Met de kritiek op het bezuinigingsbeleid van diezelfde minister Ritzen waren echter meteen alle harde noten gekraakt. Want, zo zei Gardeniers, 'we hebben met opzet geen plan gemaakt, waarin we zeggen hoe het verder moet met het onderwijs in Nederland. Daar zou alleen maar de kritiek op komen dat er iets aan ontbreekt. Daarom geven we alleen denkrichtingen aan. Voor heldere voorstellen is een jaar debatteren veel te kort.'
Deze schamele oogst herinnert aan de drie visioenen van de toekomst van het funderend onderwijs die prof.dr. Roel in 't Veld eind 1996 presenteerde. Welk scenario de voorkeur moet krijgen, wilde In 't Veld niet zeggen. Het is net wat de burger en de politiek met het onderwijs willen, zei de hoogleraar, wiens visioenen vooral denkexercities waren.
Vrijblijvendheid
Dezelfde vrijblijvendheid kleeft aan het slotdocument over het kennisdebat, dat in totaal 4,6 miljoen gulden heeft gekost. Alle bestaande filosofietjes over 'leren leren' zijn in het slotdocument nog eens weergegeven. Met als uitsmijter de conclusie dat er snel een nationaal programma kennisinfrastructuur voor de 21e eeuw moet komen, waarin 'levenslang leren' voor iedereen normaal is.
Nieuw of verrassend is deze boodschap niet, gaf Gardeniers toe. 'Een paar jaar geleden zei de Europese commissaris Delors al hetzelfde.' Alles over de toekomst van het onderwijs is al eens gezegd, vervolgde zij. 'We weten nu wel waar we naar toe moeten. Nu moeten we daar ook echt mee aan de slag', aldus een hoopvol gestemde Gardeniers. Maar wàt er moet gebeuren, wié iets moet doen en hoeveel extra geld er nodig is, zei Gardeniers niet. 'Miljarden, miljarden en nog eens miljarden', vermoedde ze.

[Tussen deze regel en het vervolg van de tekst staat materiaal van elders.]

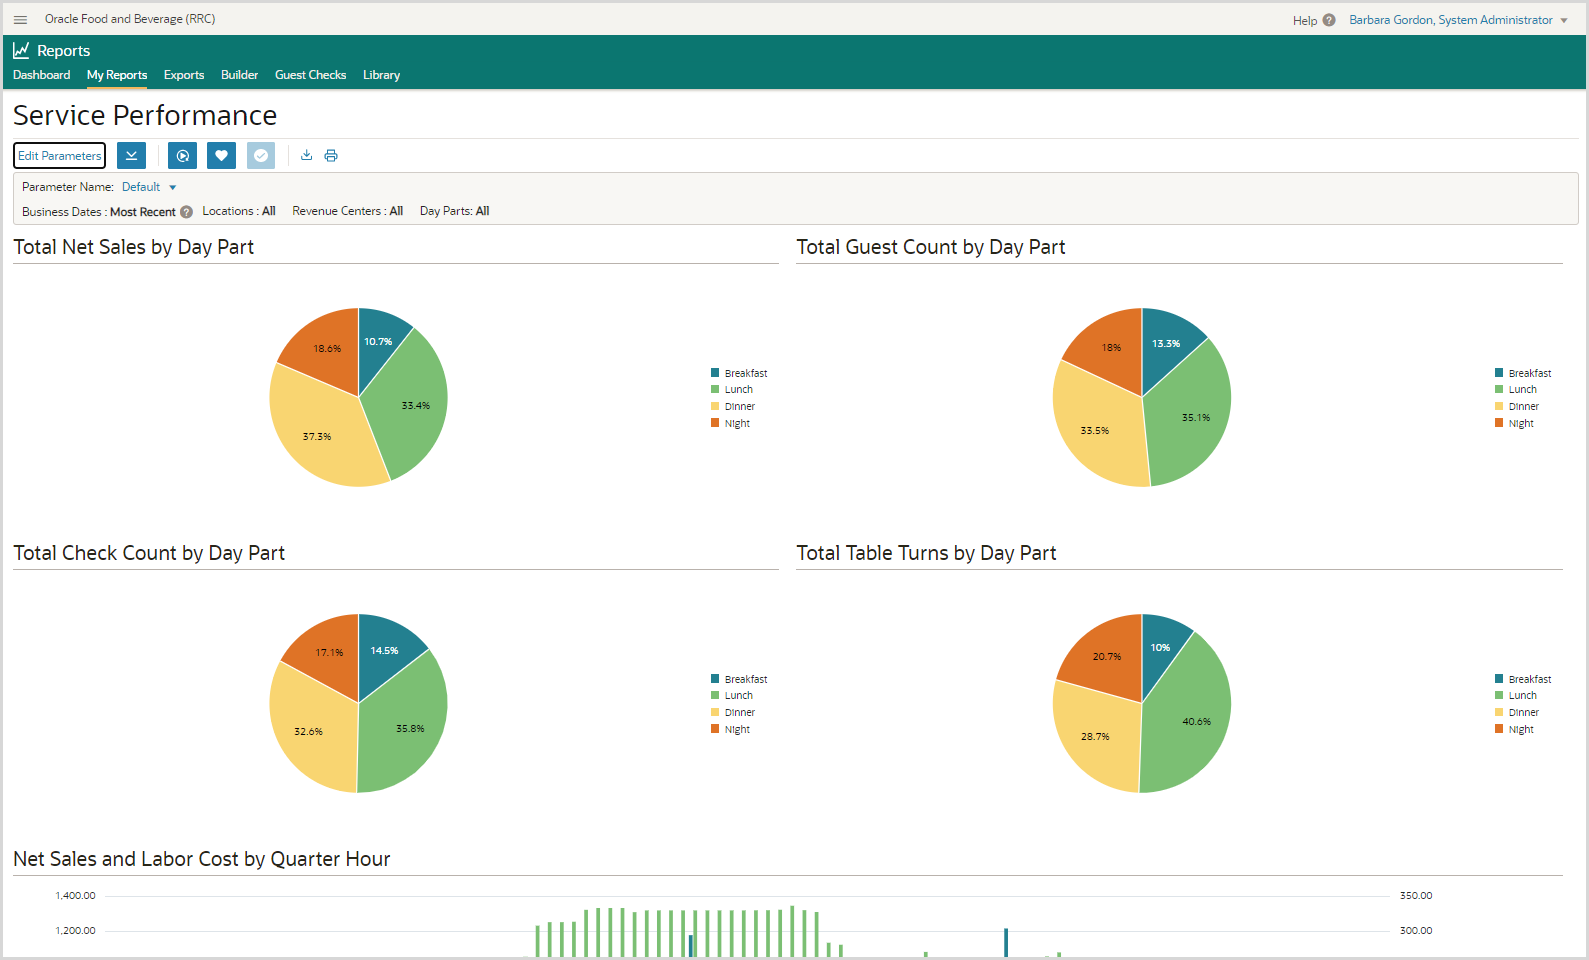 The image shows a Service Performance report in the Reporting and Analytics. The report has pie charts that are comprised of slices that correspond to day parts.

Uit 'Kennis maken met de toekomst' blijkt dat het onderwijs als een haas aan de slag moet met 'levenslang leren'. Op de vraag hoe dat moet, geeft het document echter geen antwoord. Inderdaad, het kan met een studiepuntenspaarregeling of met een 'servicebeurt' na twee jaar voor afgestudeerden of met een half jaar studieverlof voor werknemers. Ook op de basale vraag of deze keuzes geen consequenties hebben voor het huidige studiebeurzenstelsel, blijft het document angstwekkend stil.
Blij
Maar minister Ritzen is blij met deze uitkomsten, zei hij tijdens de afsluiting van het kennisdebat. 'Vorig jaar stond het onderwijs niet hoog op de politieke agenda. Nu wel.' Hoe moeizaam en weinig concreet hetmisschien ook tot nu toe ging, het kan nu voortvarend worden aangepakt, was Ritzen de kritiek een stap voor. Hij is er vast van overtuigd dat het volgende kabinet niet alleen miljarden zal investeren in wegen, treinrails en luchthavens, maar ook in het onderwijs van de volgende eeuw.
Toch staat dit optimisme haaks op het summiere verlanglijstje dat Ritzen twee weken geleden, ruim voor de slotbijeenkomst van het kennisdebat dus, bekendmaakte voor zijn mogelijke derde termijn als onderwijsminister. Drie miljard gulden extra heeft hij nodig, vooral voor kleinere klassen en computers.
Zo gaat het Kennisdebat, dat nooit een echt debat is geworden, uit als een nachtkaars. Minister Ritzen heeft de 'brede maatschappelijke discussie' vooral aangegrepen om zijn visie op het onderwijs als waarheid te presenteren: de monoloog bleek zijn handelsmerk, niet de dialoog. Daardoor kwam het debat ook nooit tot leven, hoewel velen ontevreden waren over de boodschap van Ritzen. Die boodschap had niet meer diepgang dan het simpele 'onderwijs is belangrijk, ook en vooral na het jaar 2010'.
Maar misschien is iedereen wel moe na bijna acht jaar Ritzen. 'Luisteren is niet de sterkste kant van deze minister', concludeerde vorige week bijvoorbeeld ook de Algemene Onderwijsbond nog eens teleurgesteld.